Mon fils, lui, joue. Il fait rouler des voitures minuscules aux vitesses ahurissantes de l'imagination, vient me montrer deux morceaux de pâte à modeler collés ensemble, qu'il a décidé d'appeler Nemo, me demande de faire parler ses peluches.


"Il est cool, ton fils !"
Oui, il est cool, c'est un doux. Pas spécialement taillé à la mesure de la brutalité des choses et de certains êtres. Crainte que j'exprimai ainsi : "j'ai un peu peur qu'il s'en prenne plein la gueule."

Et l'ami, homme bon par ailleurs, de me dire :
"Ca lui forgera le caractère !"


La phrase est classique, certainement lancée avec les meilleurs intentions, mais je réalise en l'entendant ce qu'elle nous dit. Prendre du métal, le plonger dans le feu, le placer entre le marteau et l'enclume, le frapper, le plonger dans l'eau glacée, puis dans le feu à nouveau, le marteler encore, pour lui faire acquérir la forme voulue, la dureté, le poids, le tranchant voulu. 

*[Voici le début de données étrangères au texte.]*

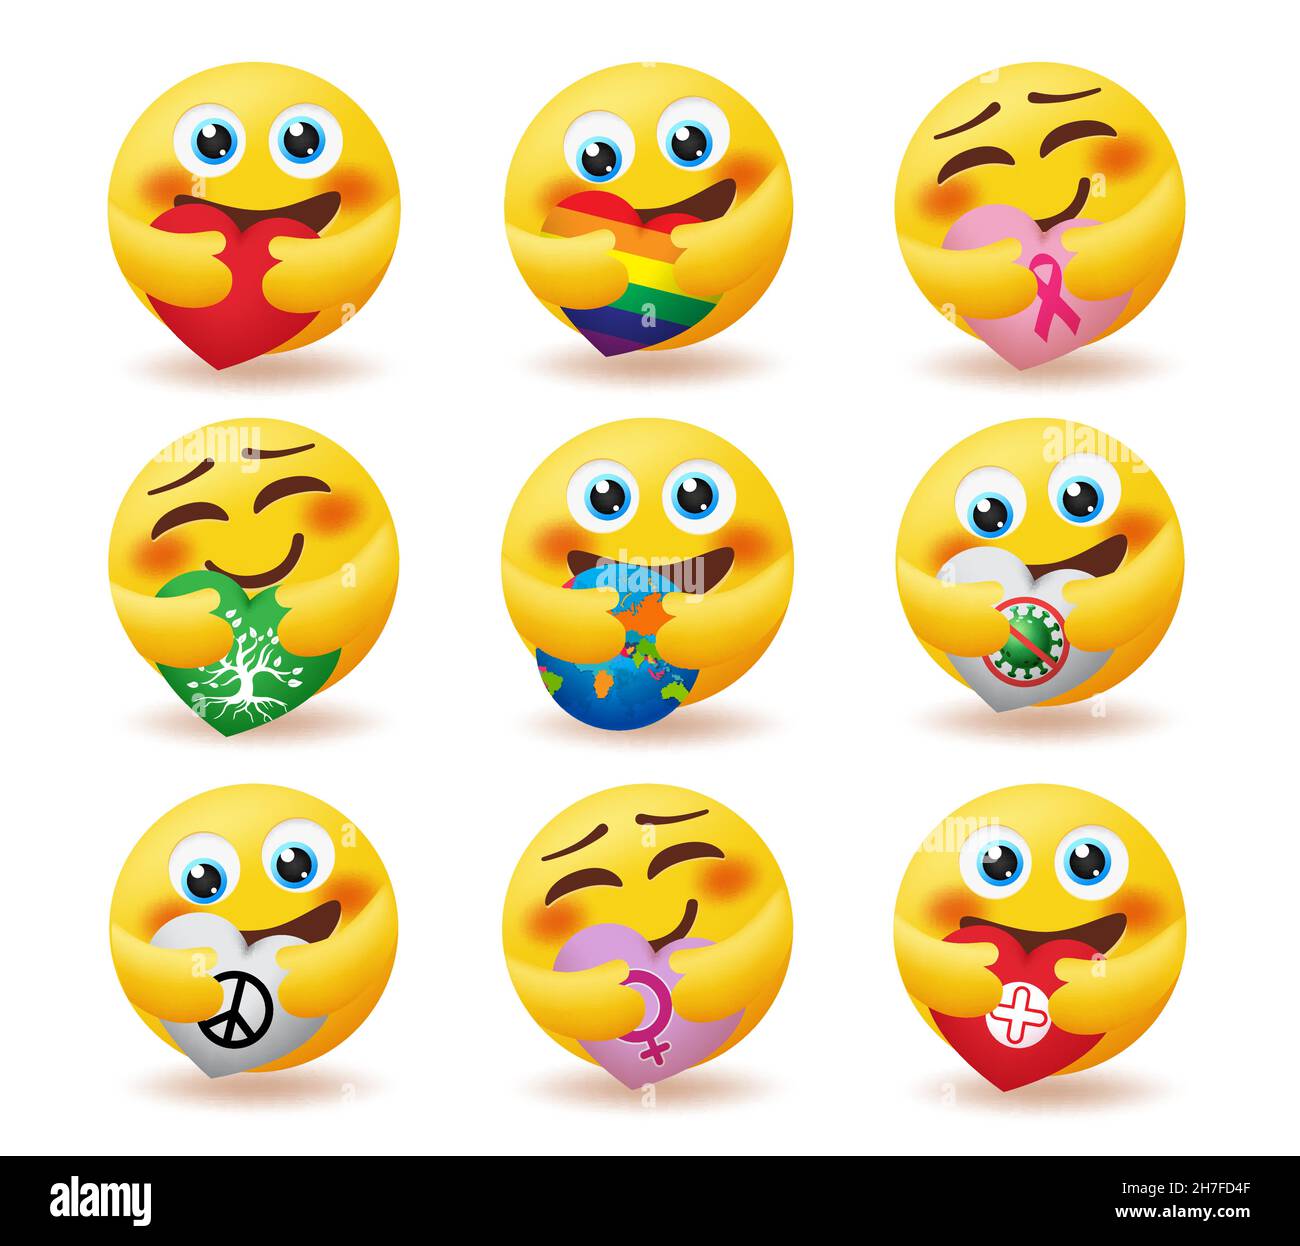 Emoji Care Emoticon-Vektor-Set. Emoticons Smiley-Zeichen in Umarmung Pose mit Herzelementen der Welt, des Friedens und der Natur für Emojis fürsorglichen Charakter. Stock Vektor

Et remplacer, tout naturellement, au détour d'une expression toute faite, le métal par l'enfant. Le brûler, le frapper, le geler, et encore. Lui donner la forme, la dureté et le tranchant d'un bon outil. Un beau caractère brillant et métallique... C'est curieux, mais quand je pense "humanité", les premières qualités qui me viennent à l'esprit ne sont pas celles du métal ou d'un outil.


Celui qui tente de forger mon fils, je le passe au knout. Si j'ai bien compris le principe, il en sortira grandi.